Expression vehicles · US-listed
TickerWhy this vehicleSizing logic
SLV / PSLVPhysical silver exposureSmall core
SIL · SILJSilver miners — extreme operating torqueTactical, stops in place
Long SLV / short GLDExpress the ratio view directly, hedging precious-metals betaPair (relative value)
SLV call spreadsDefined-risk upside that caps the −72% tailVia us-options-analyser
▲ Confirmation triggers
  • Gold:silver ratio compresses from elevated levels
  • PV demand surprises to the upside
  • Silver deficit widens
▼ Refutation triggers
  • Gold rolls over
  • Ratio expands (silver lagging)
  • Industrial demand disappoints
Kill switch

If gold itself breaks its primary uptrend — the monetary leg fails — silver’s dual-identity case collapses and the position comes off immediately. Silver does not hold value without gold leading.
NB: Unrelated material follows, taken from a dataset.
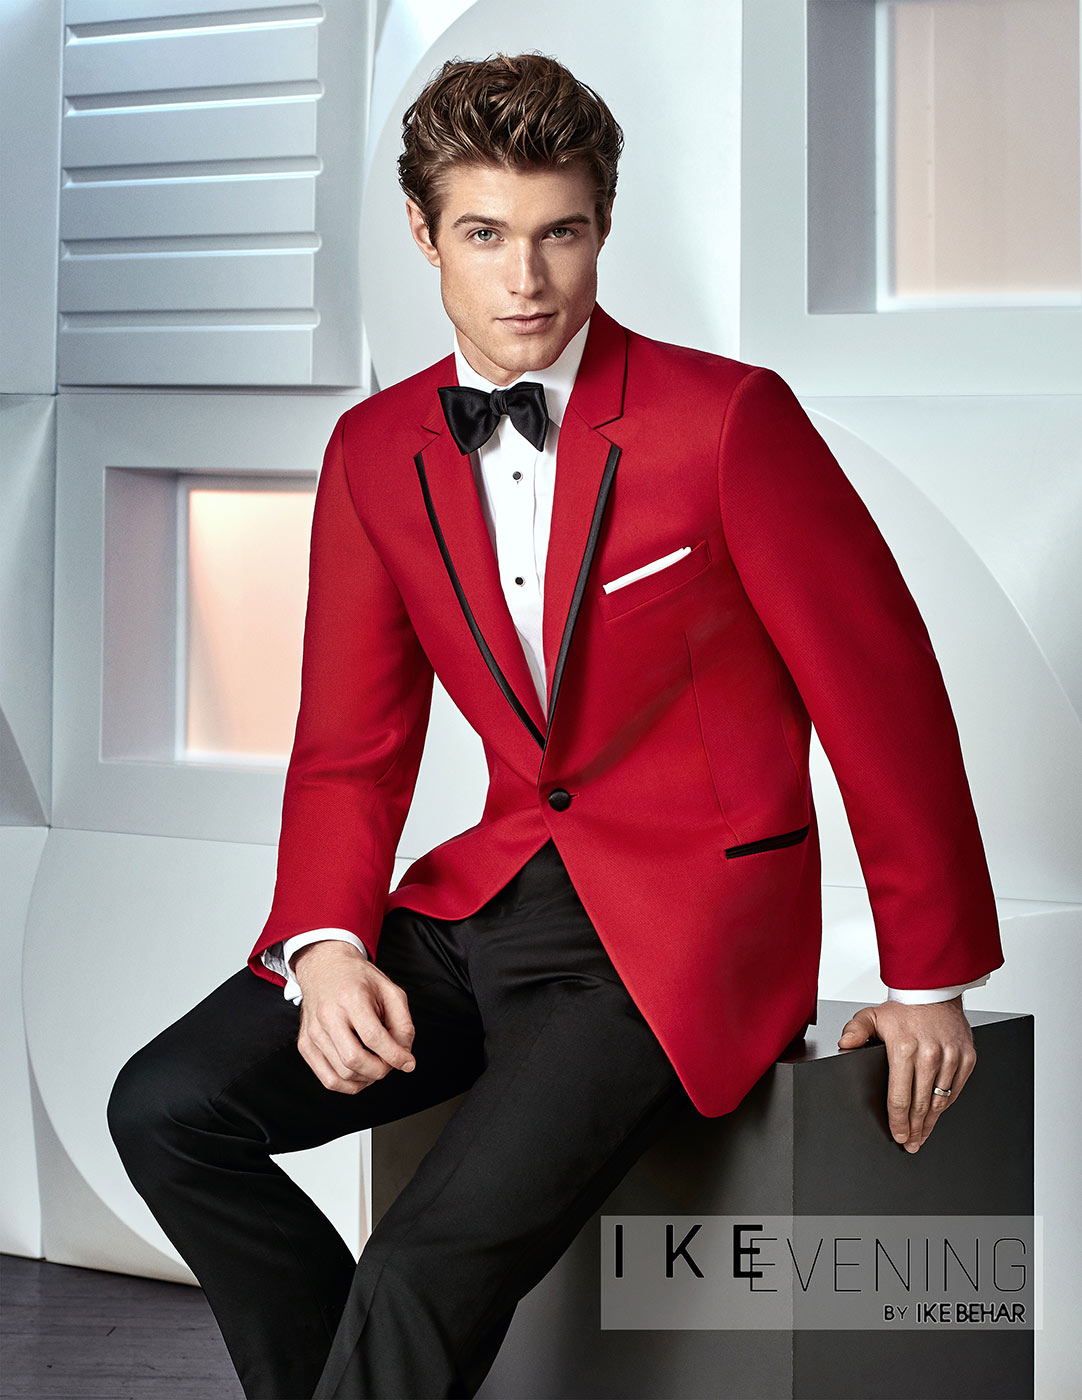 'Stingray' Red Tuxedo Jacket

Disclaimer. This document is produced by MCH Advisory Services for informational and research purposes only. It does not constitute investment, financial, legal or tax advice, nor an offer or solicitation to buy or sell any security. All comparative instruments referenced are US-listed. Past performance is not a reliable indicator of future results; backtested figures are hypothetical and do not represent the return of any actual account. The author may hold positions in instruments mentioned and is not a registered financial adviser. Conduct your own due diligence and consult a qualified, registered adviser before making any investment decision.

Data & sources. Price history: Alpha Vantage Premium. Macro: US Federal Reserve / FOMC, Trading Economics, CNBC. Commodities: Wood Mackenzie & IEA critical-minerals outlooks; JPMorgan, Goldman Sachs, Bank of America copper research; industry reporting on AI power. All third-party figures paraphrased.